Cognitive Telecommunication Research Group, Department of Electrical Engineering, Shahid Beheshti University G. C., Tehran 1983969411, Iran.
Electrical Engineering Research Group, Faculty of Technology and Engineering Research Center, Standard Research Institute, Alborz 31745-139, Iran.
Sensors (Basel). 2021 Oct 30;21(21):7225. doi: 10.3390/s21217225.

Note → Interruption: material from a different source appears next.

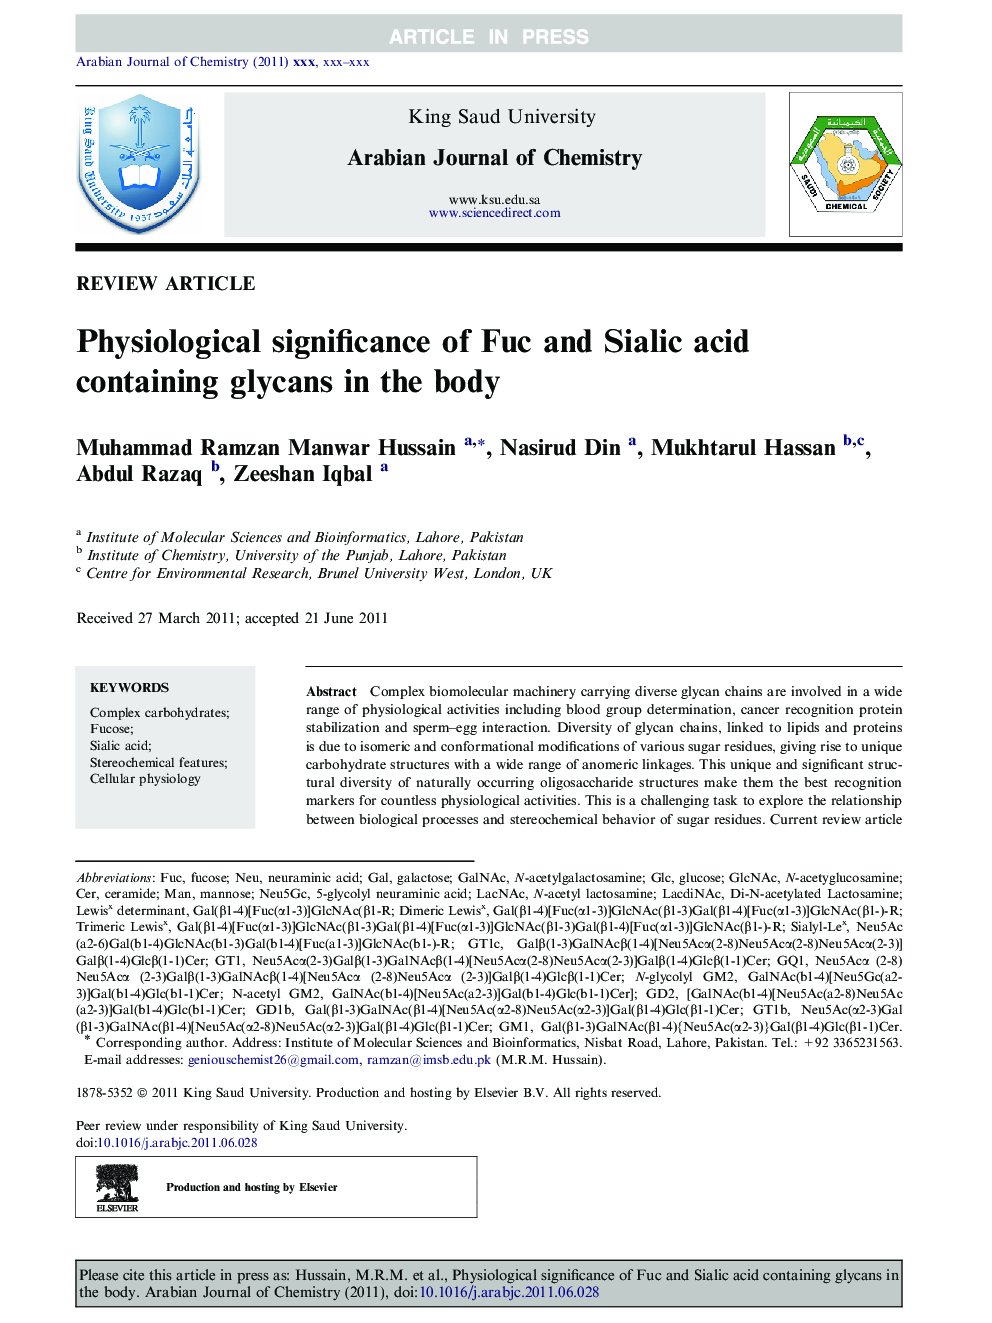 Physiological significance of Fuc and Sialic acid containing glycans in the body

The Internet of Things (IoT) has become quite popular due to advancements in Information and Communications technologies and has revolutionized the entire research area in Human Activity Recognition (HAR). For the HAR task, vision-based and sensor-based methods can present better data but at the cost of users' inconvenience and social constraints such as privacy issues. Due to the ubiquity of WiFi devices, the use of WiFi in intelligent daily activity monitoring for elderly persons has gained popularity in modern healthcare applications. Channel State Information (CSI) as one of the characteristics of WiFi signals, can be utilized to recognize different human activities. We have employed a Raspberry Pi 4 to collect CSI data for seven different human daily activities, and converted CSI data to images and then used these images as inputs of a 2D Convolutional Neural Network (CNN) classifier. Our experiments have shown that the proposed CSI-based HAR outperforms other competitor methods including 1D-CNN, Long Short-Term Memory (LSTM), and Bi-directional LSTM, and achieves an accuracy of around 95% for seven activities.
物联网(IoT)由于信息和通信技术的进步而变得非常流行,并且彻底改变了人类活动识别(HAR)的整个研究领域。对于 HAR 任务,基于视觉和基于传感器的方法可以提供更好的数据,但代价是用户不便和社会限制,例如隐私问题。由于 WiFi 设备的普及,在现代医疗保健应用中,使用 WiFi 进行老年人的智能日常活动监测已经变得流行。信道状态信息(CSI)作为 WiFi 信号的特征之一,可用于识别不同的人类活动。我们使用 Raspberry Pi 4 收集了七种不同的人类日常活动的 CSI 数据,并将 CSI 数据转换为图像,然后将这些图像用作二维卷积神经网络(CNN)分类器的输入。我们的实验表明,基于 CSI 的 HAR 优于包括 1D-CNN、长短期记忆(LSTM)和双向 LSTM 在内的其他竞争方法,并且对于七种活动的准确率约为 95%。